Conversão
Verdadeira & Falso
Charles
G. Finney - Editado e parafraseado por Melody Green & Martin Bennet
"Mas
agora, todos vocês que acendem fogos e fornecem tochas acesas, vão, caminhem à
luz de seus fogos e das tochas que você acendeu. Isto é o que você receberá de
minha mão: você se deitará em tormento." (Isaías 50:11 - NVI)
“Todos
vós que acendeis fogo e vos cingis com faíscas, andai entre as labaredas do
vosso fogo e entre as faíscas que acendestes; isso vos vem da minha mão, e em
tormentos jazereis.” (Isaías 50:11 - ARC)
Podemos
ver neste versículo que o profeta estava falando para aqueles que se diziam
religiosos e que se lisonjeavam com a ideia de que estavam em estado de
salvação. Mas, na verdade, a esperança deles era apenas o fogo de suas próprias
tochas criadas por eles mesmos. Antes de continuar discutindo o assunto da
conversão verdadeira e falsa, quero dizer que só será útil para aqueles que
forem honestos em aplicá-lo a si mesmos. Se você espera ganhar alguma coisa com
o que vou dizer, deve decidir fazer uma aplicação fiel disso pessoalmente. Seja
tão honesto como se pensasse que agora estaria diante do Senhor. Se você fizer
isso, espero ajudá-lo a descobrir seu verdadeiro estado com o Senhor.
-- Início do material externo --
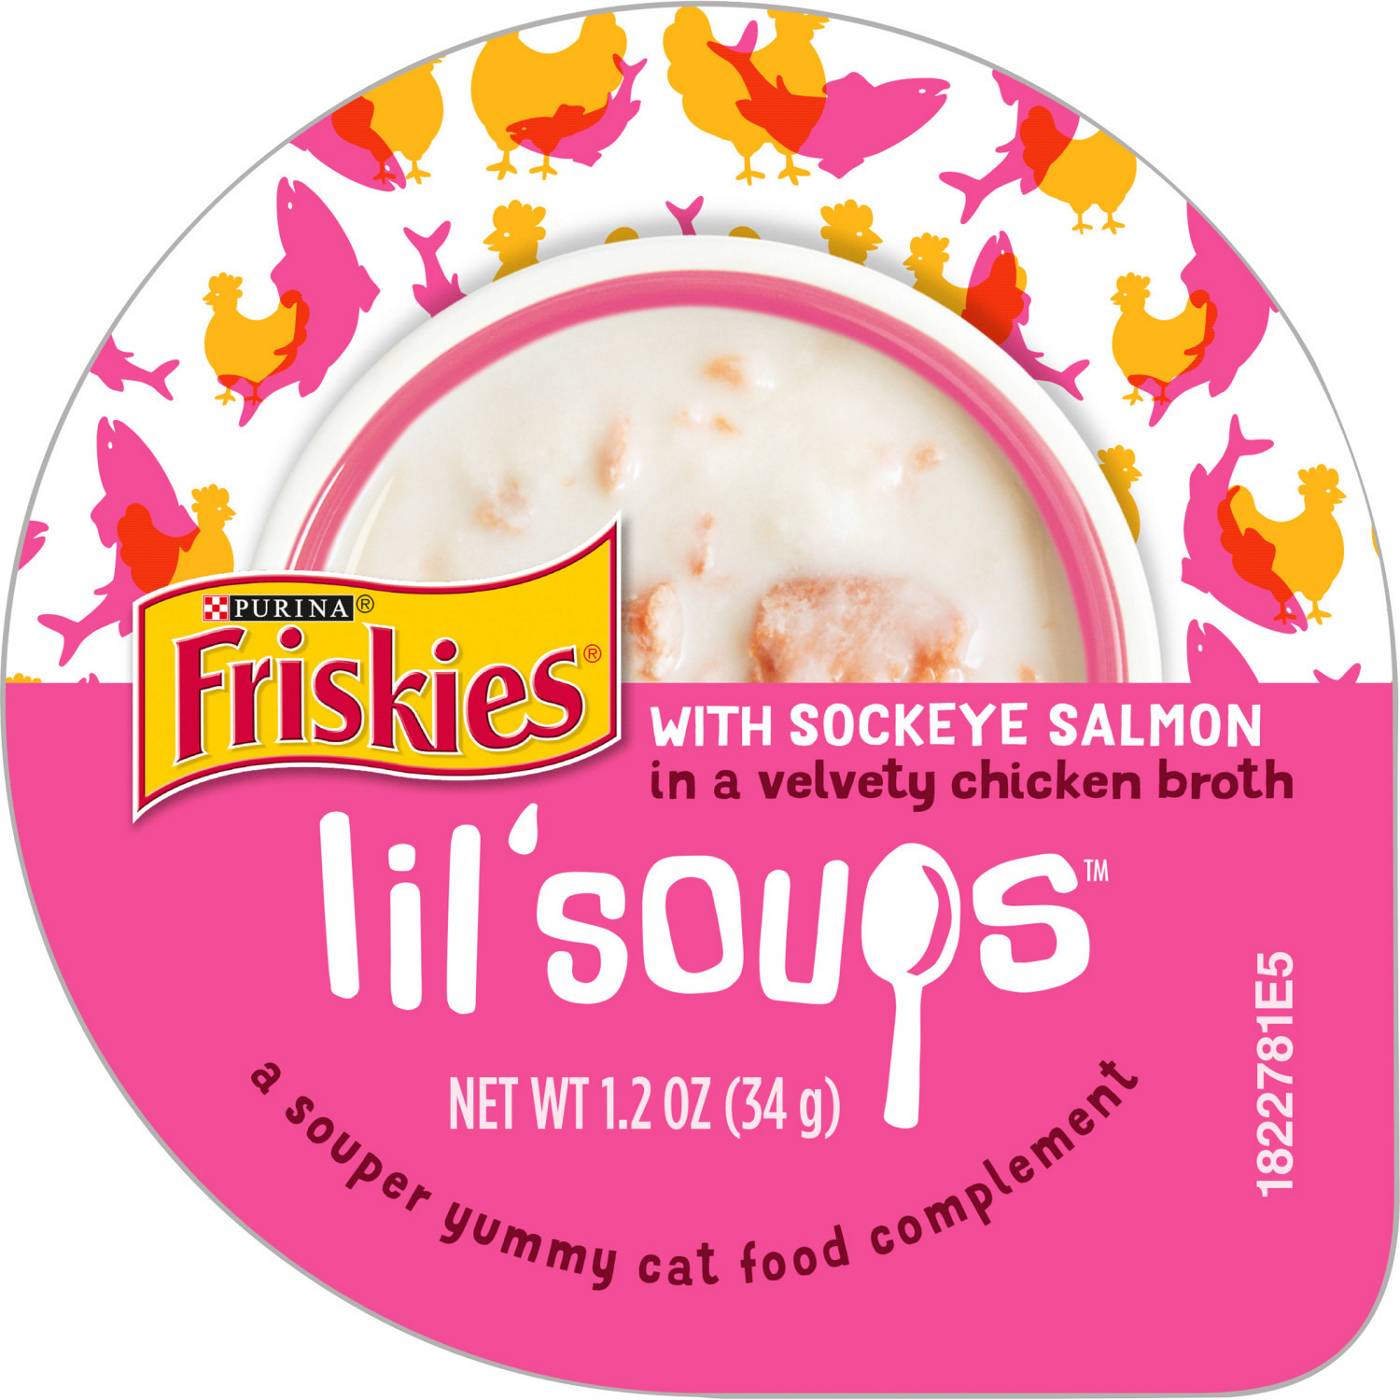 Friskies Purina Friskies Natural, Grain Free Wet Cat Food Lickable Cat Treats, Lil' Soups With Sockeye Salmon in Chicken Broth; image 1 of 6

Se agora
você está enganado, espero direcioná-lo para o verdadeiro caminho da salvação.
Mas se você não for honesto, pretendo mostrar a diferença entre conversão
verdadeira e falsa na seguinte ordem:
I. Mostrar que o estado
natural do homem é um estado de puro egoísmo.
II. Mostrar que o caráter
do cristão é benevolente. Ou seja, escolhe a felicidade dos outros.
III. Mostrar que o novo
nascimento em Cristo Jesus consiste em uma mudança do egoísmo para a
benevolência.
IV. Aponte algumas áreas
em que santos e pecadores, ou verdadeiros e falsos convertidos, são iguais - e
algumas áreas em que são diferentes.
V. Responder algumas
perguntas.
VI. Concluir com algumas
observações.
I.
O estado natural do homem, ou a maneira como todos os homens são antes da
conversão, é egoísmo puro e sem mistura.
O
egoísmo é colocar sua própria felicidade em primeiro lugar e buscar o seu
próprio bem porque é para seu benefício. Quem é egoísta coloca sua própria
felicidade acima de outras coisas de maior valor, como a glória de Deus e o bem
de todo o universo. É óbvio que todas as pessoas antes da conversão estão neste
estado. Quase todo mundo sabe que as pessoas lidam umas com as outras com base
no princípio do egoísmo. Se alguém negligenciar isso e tentar tratar os outros
como se não fossem egoístas, será considerado um tolo.
II.
O caráter de um cristão é o da benevolência.
Benevolência
é amar a felicidade dos outros, ou melhor, escolher a felicidade dos outros.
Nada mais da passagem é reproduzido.